• _Input data_:
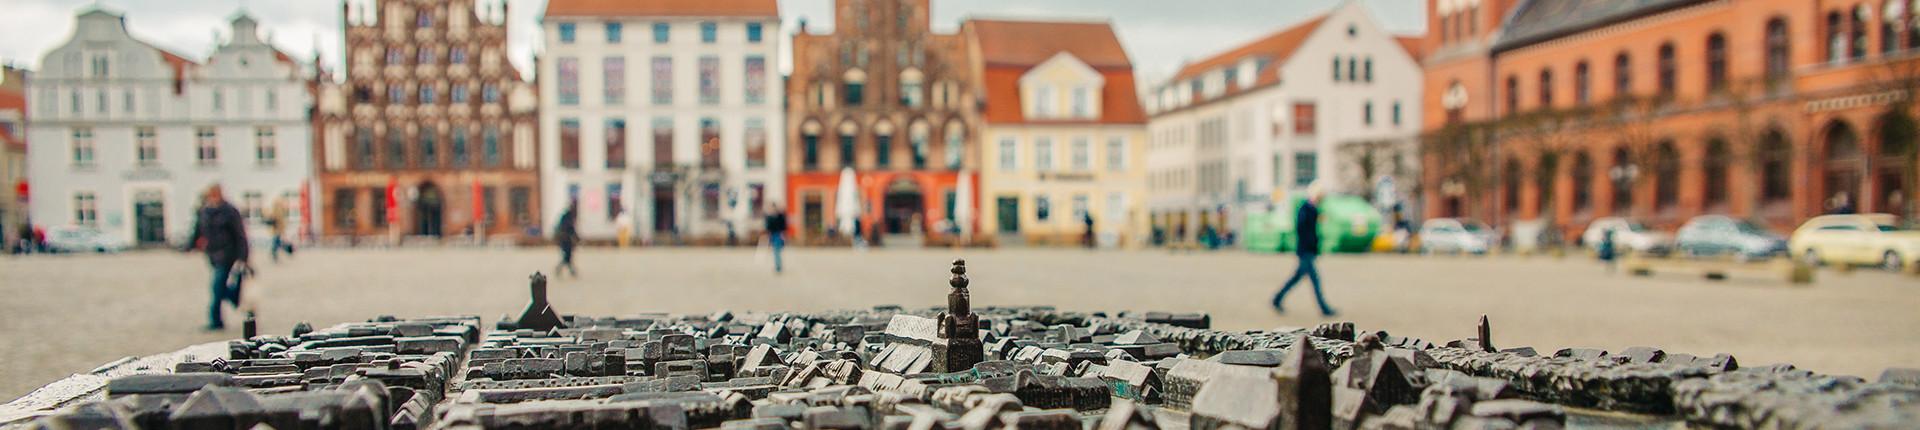 stadtrelief-am-marktplatz
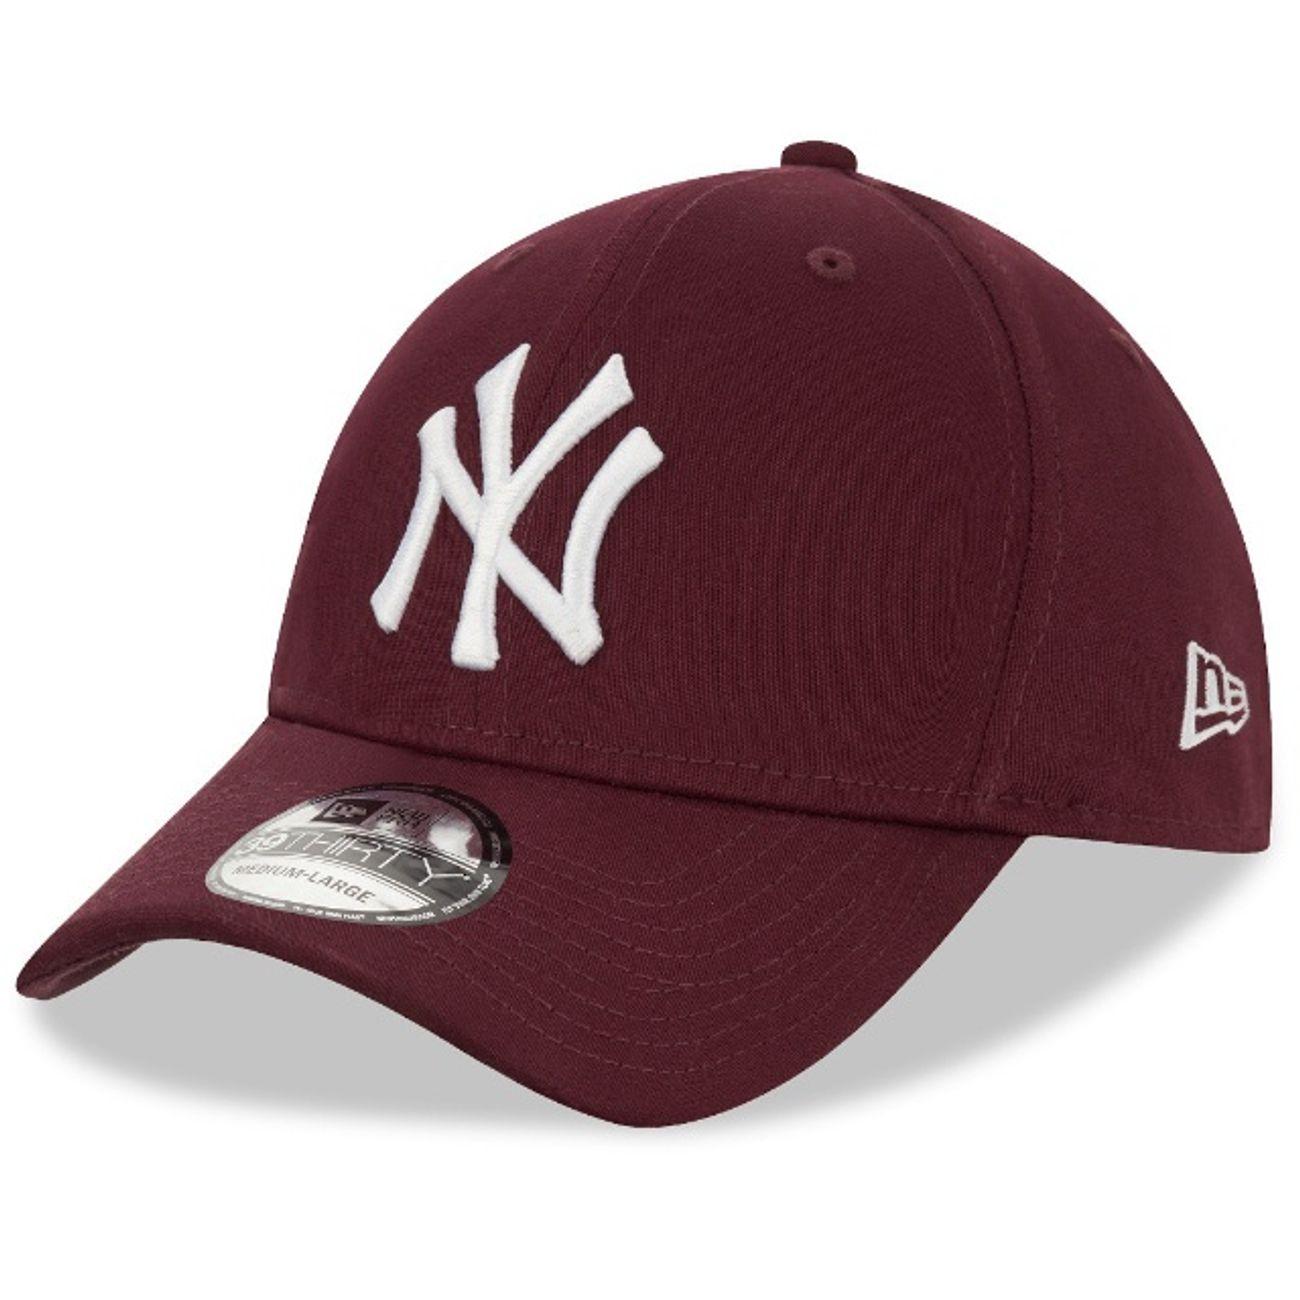 Baseball homme NEW ERA Casquette New Era Yankees League Essential 39thirty
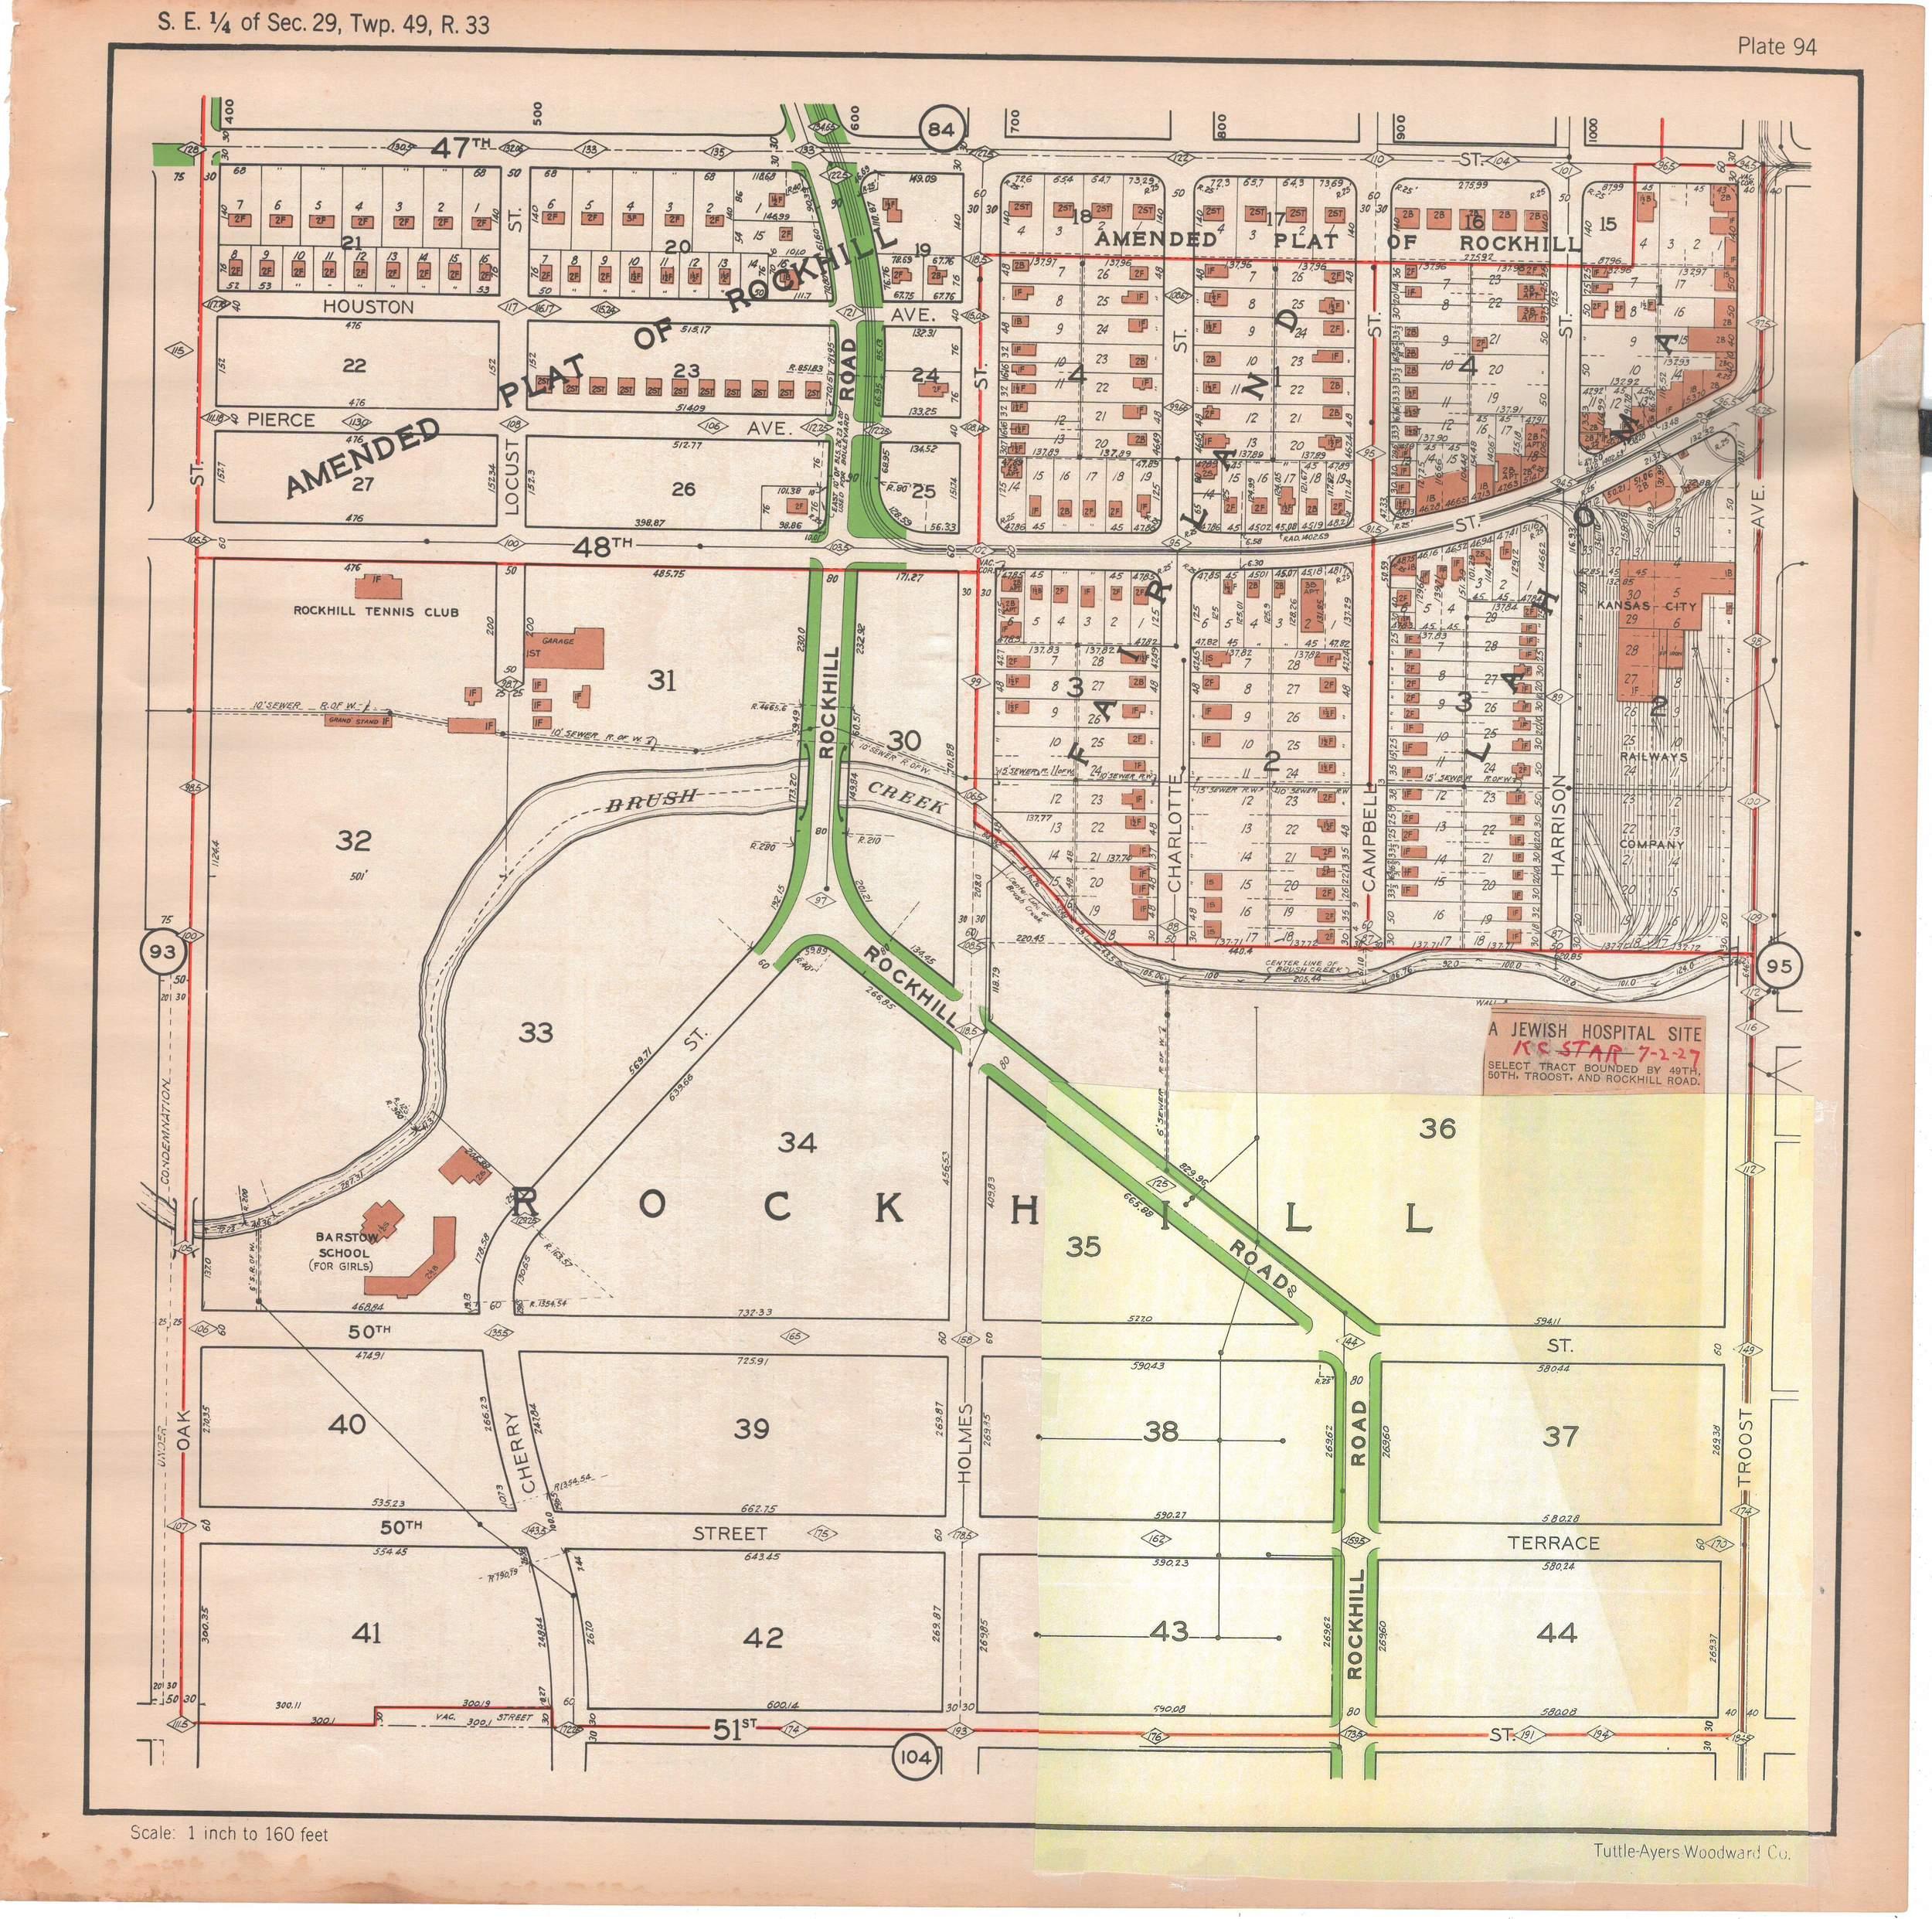 1925 TUTTLE_AYERS_Plate 94.JPG

• _Your assignment_: Retype the data in full. Images do not go in the copy.

• _Worked solution_:
 stadtrelief-am-marktplatz
 Baseball homme NEW ERA Casquette New Era Yankees League Essential 39thirty
 1925 TUTTLE_AYERS_Plate 94.JPG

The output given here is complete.